Member of Parliament, Lok Sabha
- In office 2004 - 2014
- Preceded by: Vijaya Kumari Ganti
- Succeeded by: Pandula Ravindra Babu
- Constituency: Amalapuram

Personal details
- Born: 23 October 1960 (age 65) Rajahmundry, Andhra Pradesh
- Party: Indian National Congress
- Spouse: Kolli Sarala Kumari (m.1987)
- Children: G.V. Sri Raj, G.V.Sunder
- Education: M.Sc. Marine Geology, Andhra University

= G. V. Harsha Kumar =

Indian politician (born 1960)

Geddam Vijaya Harsha Kumar (born 23 October 1960) is a member of the 14th and 15th Lok Sabha of India. He represented the Amalapuram constituency of Andhra Pradesh from 2004 to 2014, and is a member of the Indian National Congress.
He rejoined Indian National Congress (INC) on 23 November 2020 at Rajahmundry.

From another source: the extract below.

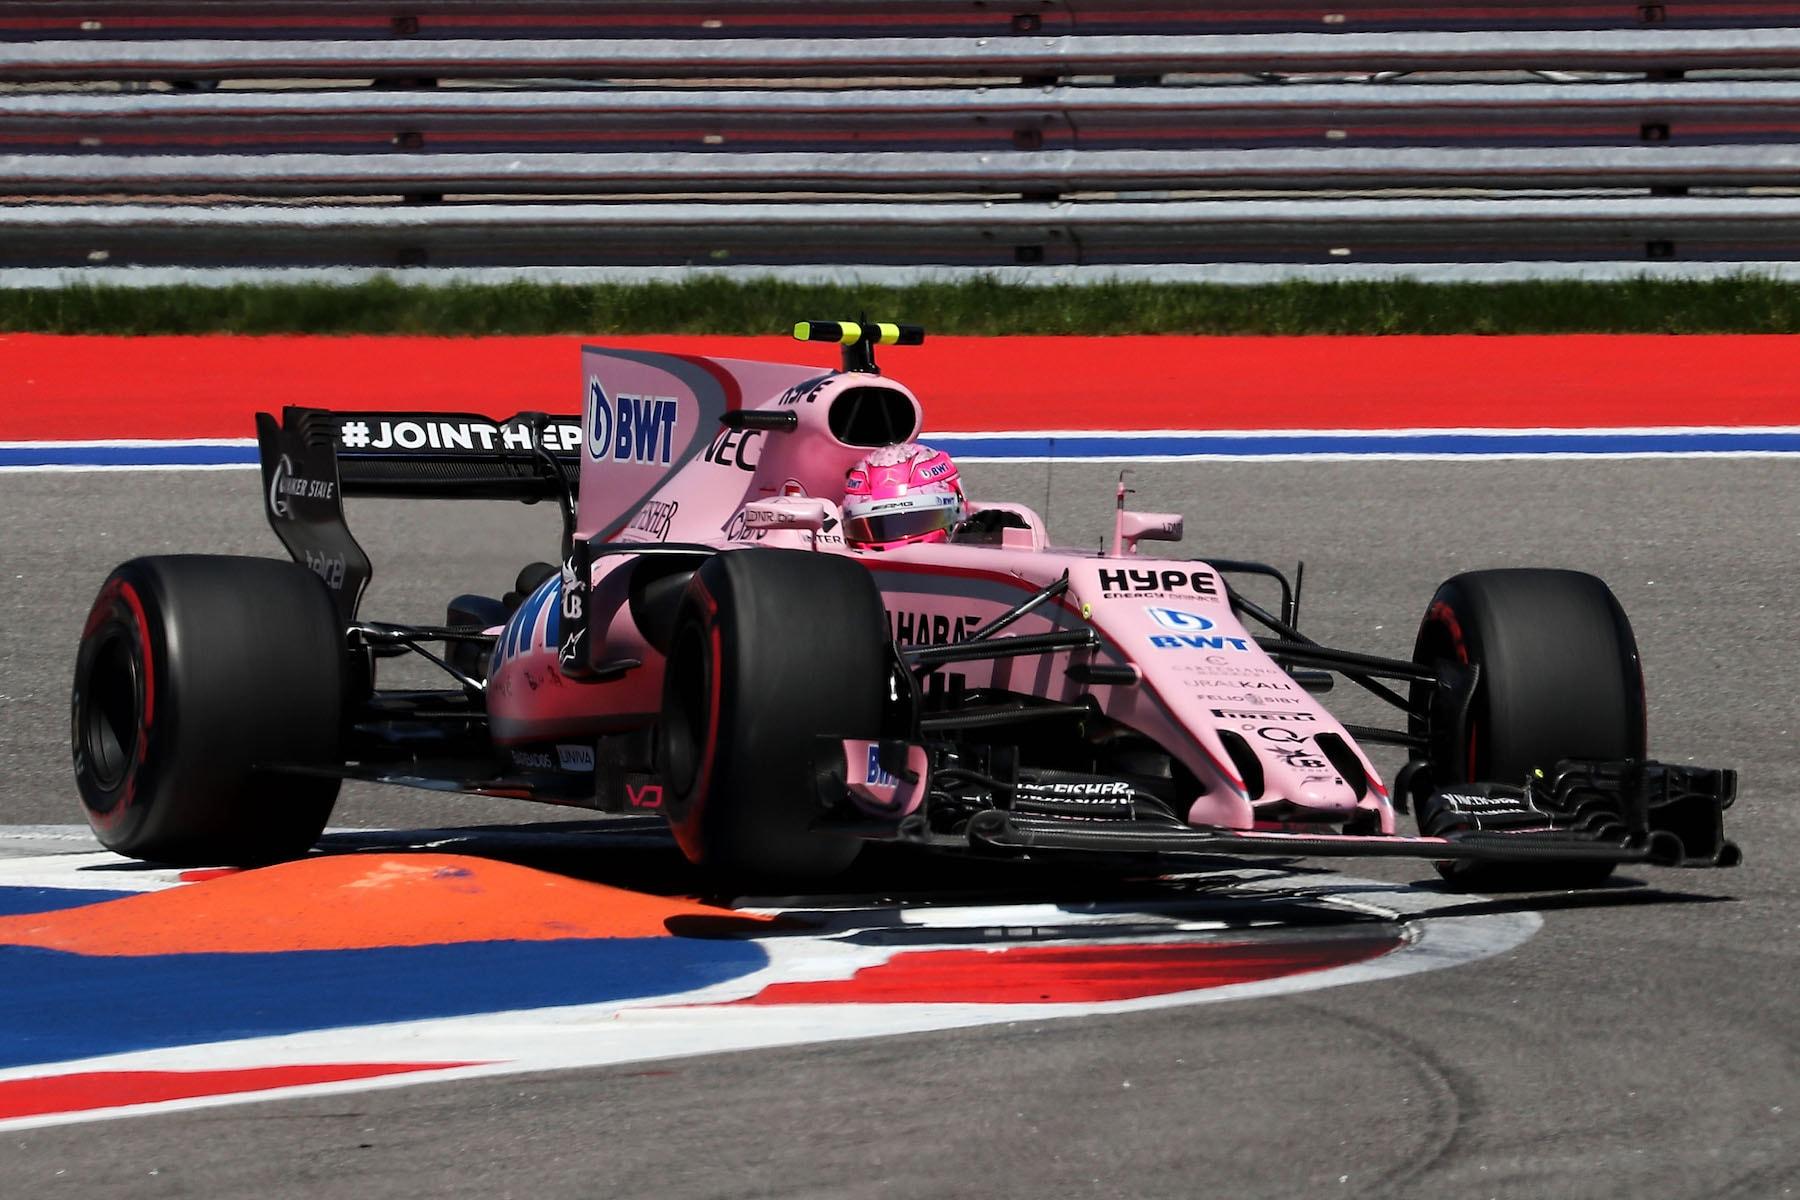 2017 Esteban Ocon | Force India VJM10 | 2017 Russian FP3 1 copy.jpg
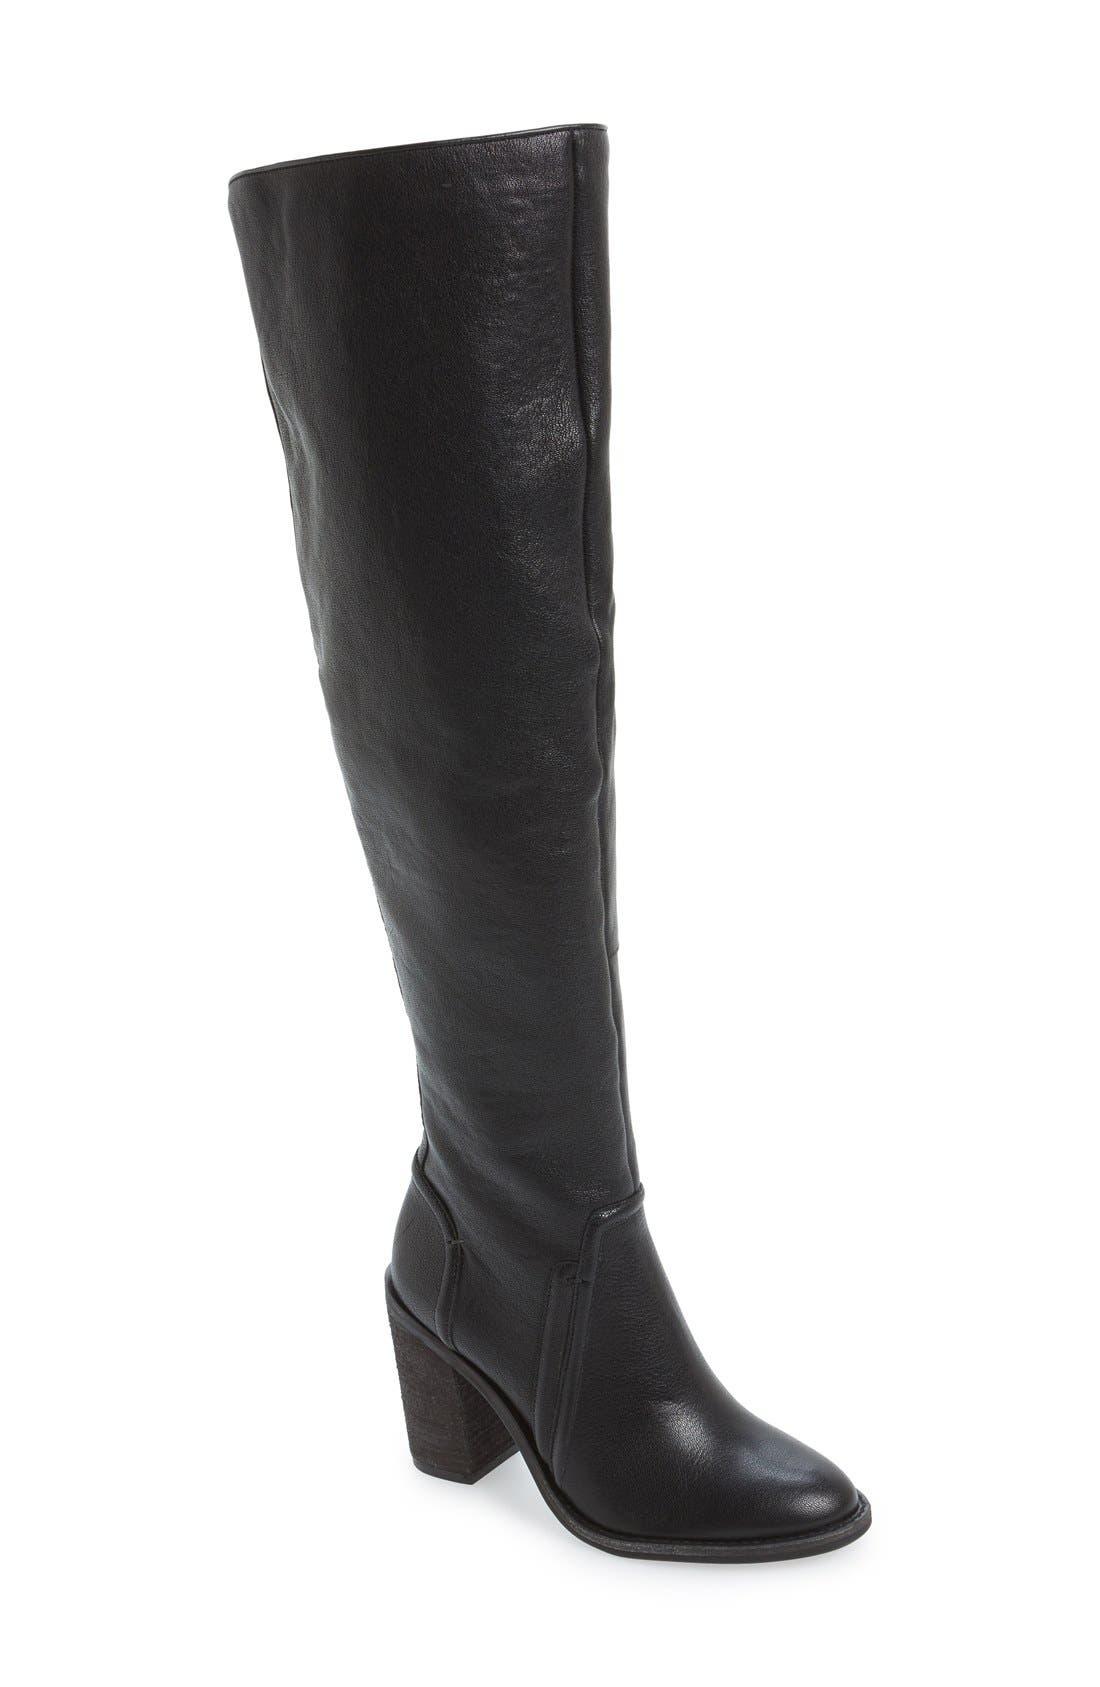 'Melaya' Over the Knee Boot,                             Main thumbnail 1, color,                             001

== Early life and career ==
Kumar started working for the congress organisation since his student days. He served as vice president in Government Junior College, Rajahmundry from 1976 to 1978, then moved on to become the Joint Secretary in Govt. College Rajahmundry from 1979 to 1980. He was elected as the President of National Students' Union of India (N.S.U.I.) Rajahmundry. Later he served to be the State Organisation Secretary for Andhra Pradesh N.S.U.I. and served as the General Secretary for the state N.S.U.I.

In 1984 he contested the president post for Andhra University, became the chairman for Joint Admission Council for all the university students and fought for students' community rights.

In 1985 he contested as an M.L.A. candidate from the Payakaraopeta constituency for the Indian National Congress Party and lost.

In 1987 he was elected as the Vice President of N.S.U.I in Andhra Pradesh State, and from 1991 onwards he served as the State General Secretary for the Youth Congress in Andhra Pradesh. In 1996 he became the Vice President for A.P.Y.C. and in 1999 he served as the Andhra Pradesh Congress Committee Secretary.

In 2004 he contested as the mayoral candidate for the Rajahmundry Municipal Elections and lost by a narrow margin of 653 votes. He served as the Member of Parliament (India) for the Indian National Congress from 2004 to 2014.
Again he joined Indian Congress Party (INC) on 23 November 2020 at Rajahmundry.